2. The system of claim 1, wherein the diagnostic system comprises: the query preprocessing module preprocesses the patient medical record and comprises word segmentation, punctuation removal, word deactivation removal and spelling correction, and then noun phrases and verb phrases are kept through grammar analysis and are used as entities for fusing a subsequent knowledge graph.
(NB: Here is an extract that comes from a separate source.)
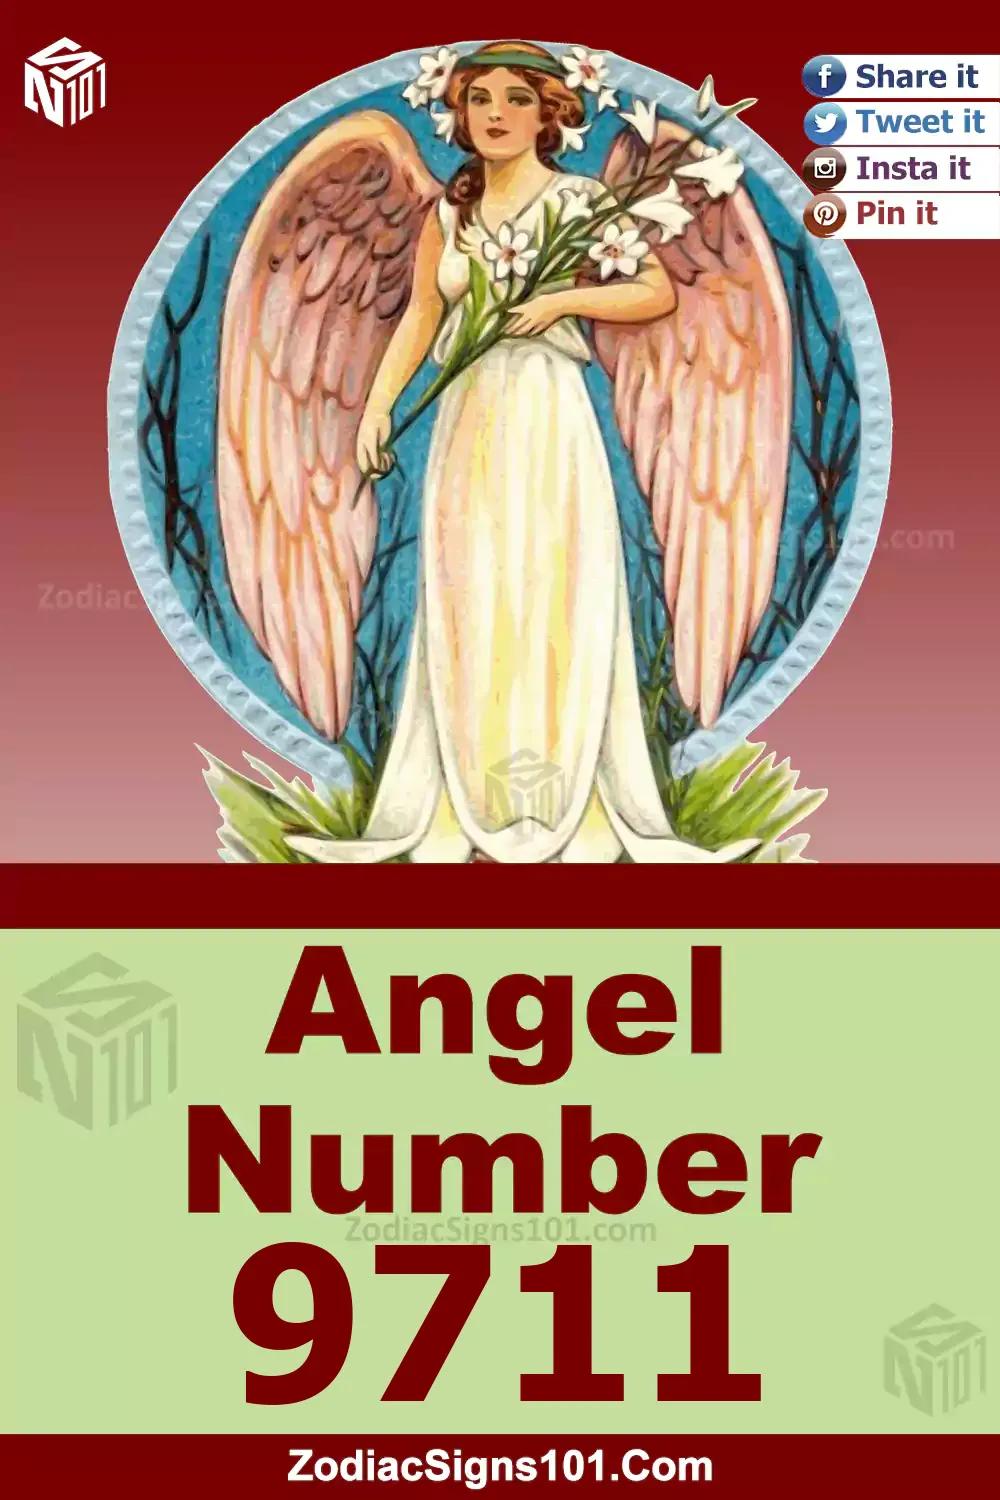 9711 Angel Number Meaning

3. The system of claim 1, wherein the diagnostic system comprises: the knowledge graph construction module obtains entity concepts, semantic interpretations and semantic types from the existing knowledge graph in the biomedical field through noun phrases and verb phrases obtained from the query preprocessing module, extracts subgraphs related to query words from the existing knowledge graph through knowledge fusion, and fuses to form a new knowledge graph G of a specific disease, wherein the knowledge graph G is defined as:

G＝{(h,r,t)|h,t∈ε,r∈R} (1)

4. The system of claim 1, wherein the diagnostic system comprises: the text retrieval module comprises a word embedding representation module, a graph embedding representation module and a text matching module;

Mⁱ＝LN(S^i-1+Oⁱ) (3)

q, K, V, respectively, as a two-dimensional weight matrix, d_kIs that

Is a matrix of the weights that is,

the graph embedding representation module changes the word embedding representation of the query word on the knowledge graph of the specific disease into the graph embedding representation of the query word by utilizing a graph attention network, learns the feature representation of the query word on a new knowledge graph by the graph attention network, and essentially learns to obtain the feature representation of a new node by giving different weights to the node and the neighbor of the node on the knowledge graph by the graph attention network; first, the word vector embedding representation of all nodes on the knowledge-graph is H ═ H₁,h₂,...,h_oIn which h is_oEmbedding a word vector representing the o-th node, and then placing the attention point of the network in a neighbor node set N of the o-th node in a mode of hiding a self-attention structure_oWherein the neighbor node set includes itself, where the node represents a query term, and the specific formula is shown as (5):

wherein mean-posing represents that Q is subjected to an averaging operation,

P＝[p₁,p₂,...,p_m] (9)

5. the system of claim 1, wherein the diagnostic system comprises: the interpretable auxiliary diagnosis module sequences the matched scores of the medical record to be retrieved and the query words, selects S documents with the score Top, and S is the number of the selected documents, obtains the weight value of each path on the knowledge graph and the weight values of the query words and the words in the documents in the pre-trained self-attention model through the visual graph attention network, and marks out the propagation path based on knowledge perception on the knowledge graph and the most relevant segments in the documents as interpretable results of case diagnosis.